Difficult Fruit by Lauren K. Alleyne

by Shivanee Ramlochan, Paper Based Blogger

Welcome to the 2015 Paper Based Advent Book Blog! The poems in our Day Nineteen selection brim and burst with a life that’s as curious about its next conquests as it is careful in the cataloguing of its girlhood, scraped-knee woes: Lauren K. Alleyne’s Difficult Fruit.

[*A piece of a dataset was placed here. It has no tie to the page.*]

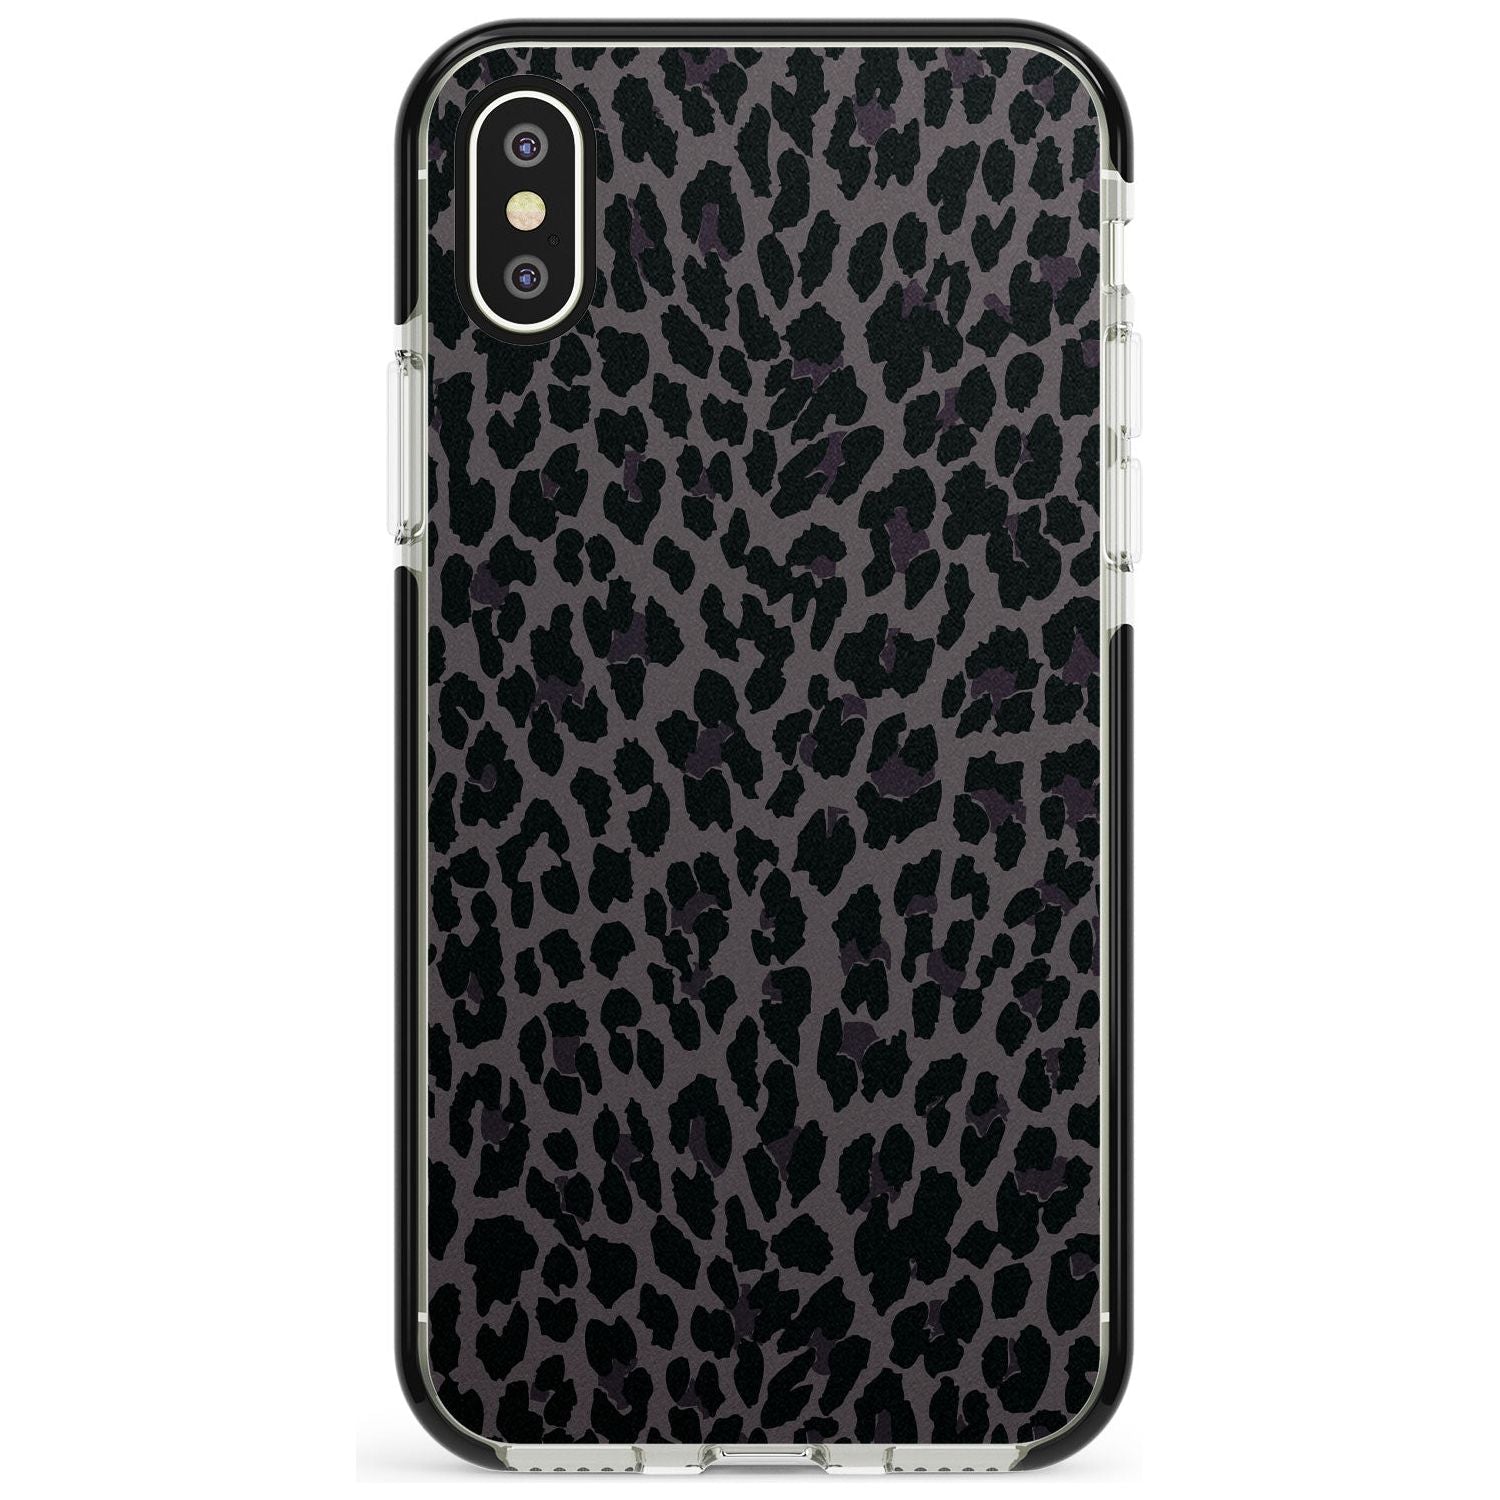 Dark Animal Print Pattern Small Leopard Black Impact Phone Case for iPhone X XS Max XR

There is no one, conclusive way to map womanhood in the world’s fraught and scar-leavened sphere, but Alleyne’s verses strip their gloves off, plunging lyrical, sensual wrists deep into the business of navigating space as black, female, both bold and wary. Refusing to shy away from the horrors of trauma, the poetess’ subject is woman’s body, woman’s heart: her canvas is a map made for intrepid explorers — for readers who understand that so much of the daily fight is in the reclamation of small, earthen victories. Bravery manifests in the footsteps of a woman who reassembles her life in the aftermath of a rape, and a no less imperative fortitude, differently marshalled, resides in the triumph of a narrator, exulting in her body’s amplitude:

“In my dreams I am free of you –
I wear bikinis, do back flips, touch my toes;
but then I wake up wanting
to cram the world into my mouth
and let it fill you to bursting.
O, proud belly, you are the life-basket,
bearer of the thousand possible births.”
(from “Ode to the Belly”)

Trading from a full basket of free verse and conventionally metred forms, this first collection speaks candidly and courageously about endurance in courtrooms, cloisters and beneath cavernous skies. The accusers in these poems are a powder-wigged prosecution, rigging charges against hooded youths, or the indifferent and empyrean cosmos, staring down at each of us on our least defended, existential nights. Alleyne’s defense is vigorous, exultant living in the face of every despair.

We recommend it for: poetry devotees of Loretta Collins Klobah, Sharon Olds and Nikky Finney; fans of fiercely feminist verse that navigates both Trinidadian and international space; defenders of the downtrodden, social activists and freedom fighters of every stripe.